Restoring a file from your backup over the Internet is easy - the Recover window provides a hierarchical view of your stored files, including any earlier revisions. The same interface enables you to enter dates for specific files to be deleted if you want to remove them from your backup. Although BackJack enables you to mark and unmark all the files, it lacks any way to retrieve just the latest versions of files or to find and mark specific ones through a search mechanism. If you back up a relatively small number of files that won't prove problematic, but it might with hundreds of files. The company has plans to offer a service that sends you all files on CD-R if necessary to avoid downloading all your data in the event of a complete recovery.
BackJack's documentation is available online and can be downloaded in HTML format. It's quite well done, although relatively basic, if mainly because the BackJack application doesn't have much depth. The documentation is good about answering the "Why" questions that always arise.
Ante Up -- Pricing is a little complicated, since BackJack charges based on the amount of data you back up, the time of day you send it, and how much storage space you use on the BackJack servers. There's a $17.50 one-time setup fee, a $3.50 monthly administration fee, plus data transfer and storage fees.
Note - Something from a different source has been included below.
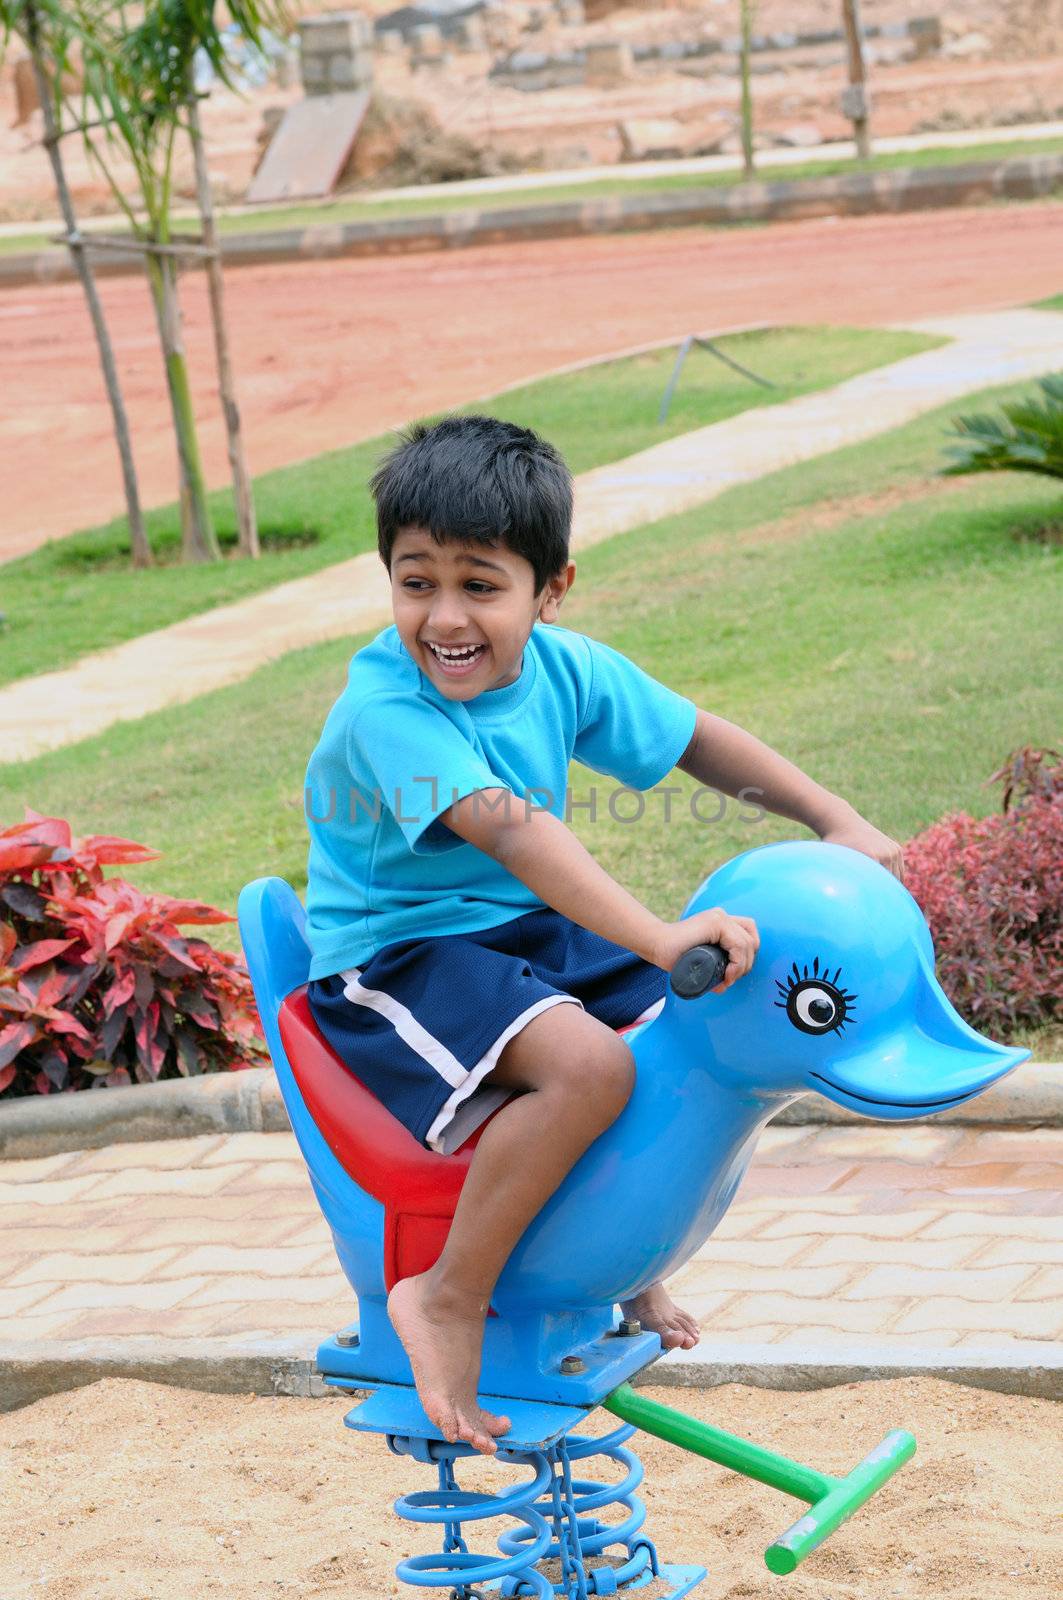 An handsome Indian kid having funat a local park
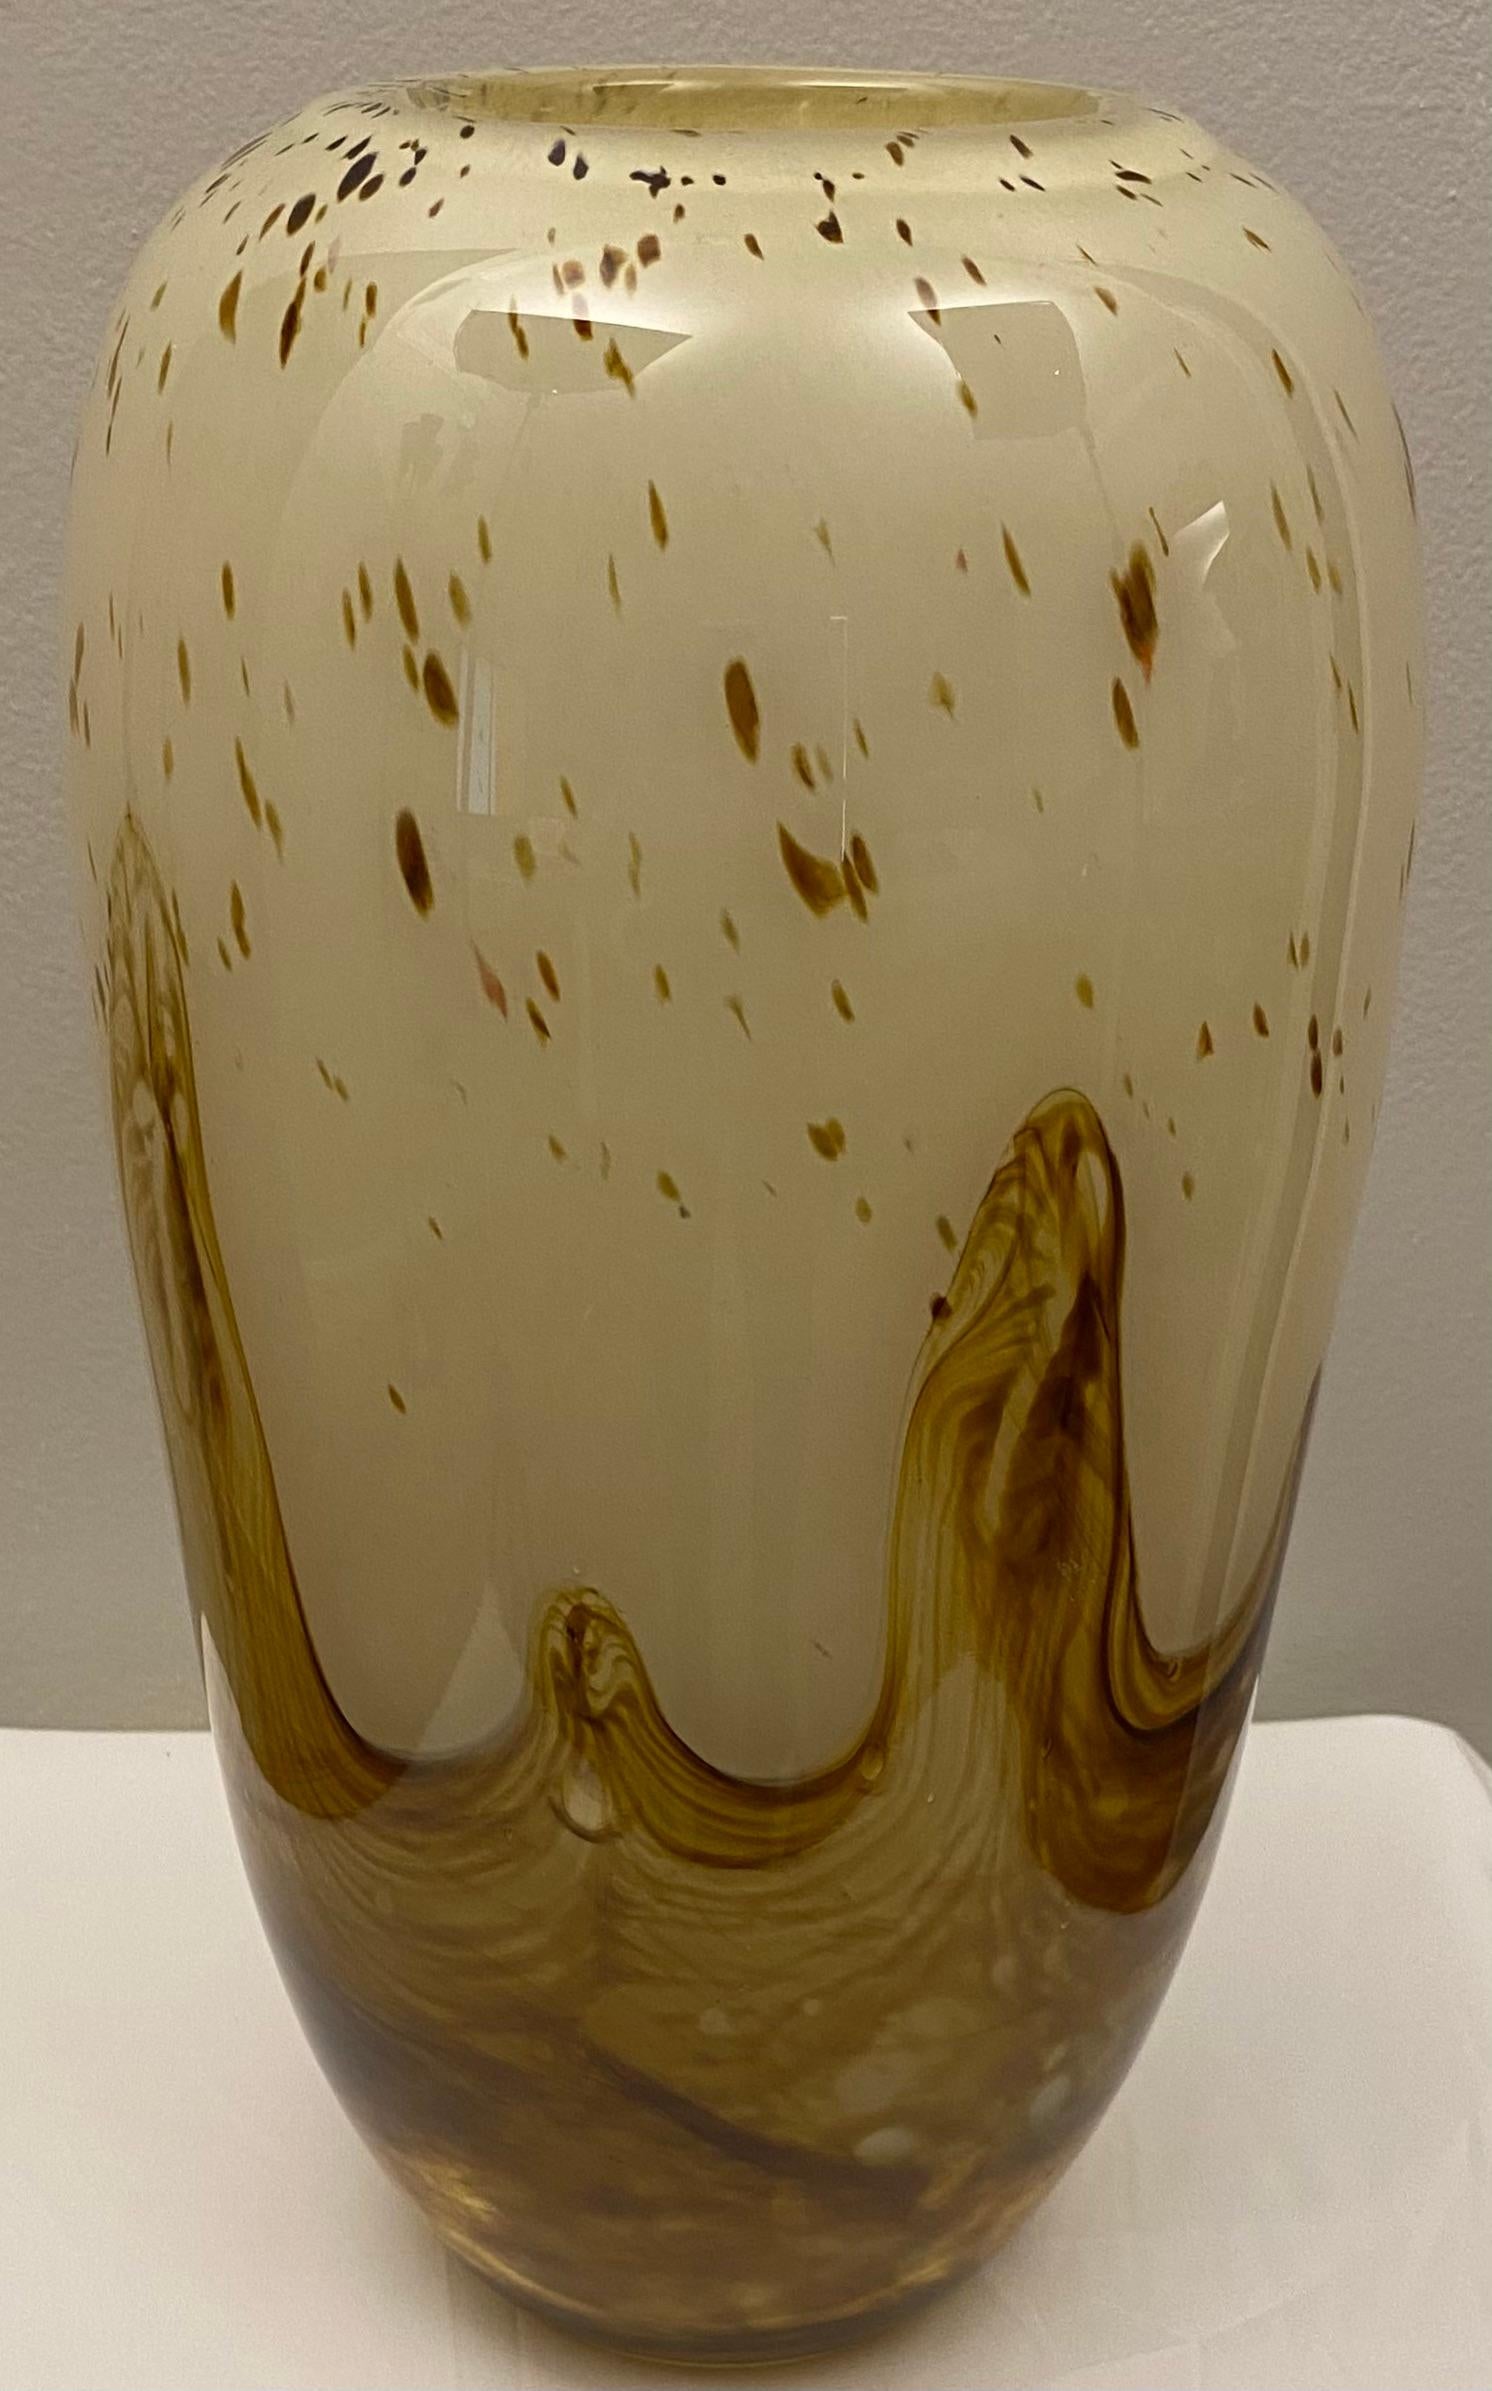 Hand-Crafted Large Midcentury Murano Art Glass Vase, Beige & Amber Attrib. to Fratelli Toso For Sale

BackJack's transfer fees are 14 cents per megabyte from 11 PM to 9 AM and 35 cents per megabyte from 9 AM to 11 PM. (Times are always your local time.) In addition, BackJack charges less than half a cent ($.0035) per megabyte per day for storage. Recovering data is always free, and you can use BackJack on multiple computers with same account for no additional charge.
You'll usually want to schedule BackJack to back up in the middle of the night, and you should be careful with what you choose to back up, avoiding applications and system files and, for instance, Web browser cache files if you plan to back up your Preferences folder.
In a sample situation where a user backs up 75 MB initially and then about 1 MB per day afterwards, the first month (including the setup fee) would cost about $45 and each subsequent month about $17. That pricing is in line with two popular PC Internet backup services: Atrieva charges $14.95 per month for up to two computers, and Connected Online Backup charges $19.95 per month per computer for up to 10 machines. Neither charges transfer or storage fees. They're probably betting that most people don't have the bandwidth to back up large quantities of data, plus they're counting on the fact most people won't back up Windows system files or applications because it's so difficult to restore them to a working state without doing a clean install.
In response to my comments about pricing, the BackJack folks noted that they felt uncomfortable using a flat rate pricing model that would in essence charge low-end users more to subsidize the high-end users who use far more of the system's capacity. That's a laudable goal, and I hope the pricing model doesn't dissuade people who are uncomfortable not knowing precisely how much they'd be paying.
These concerns aside, I'm quite impressed with BackJack as a first effort, and it's well worth a look for anyone interested in Internet backup, particularly those people planning on buying standalone iMacs immediately when they're released.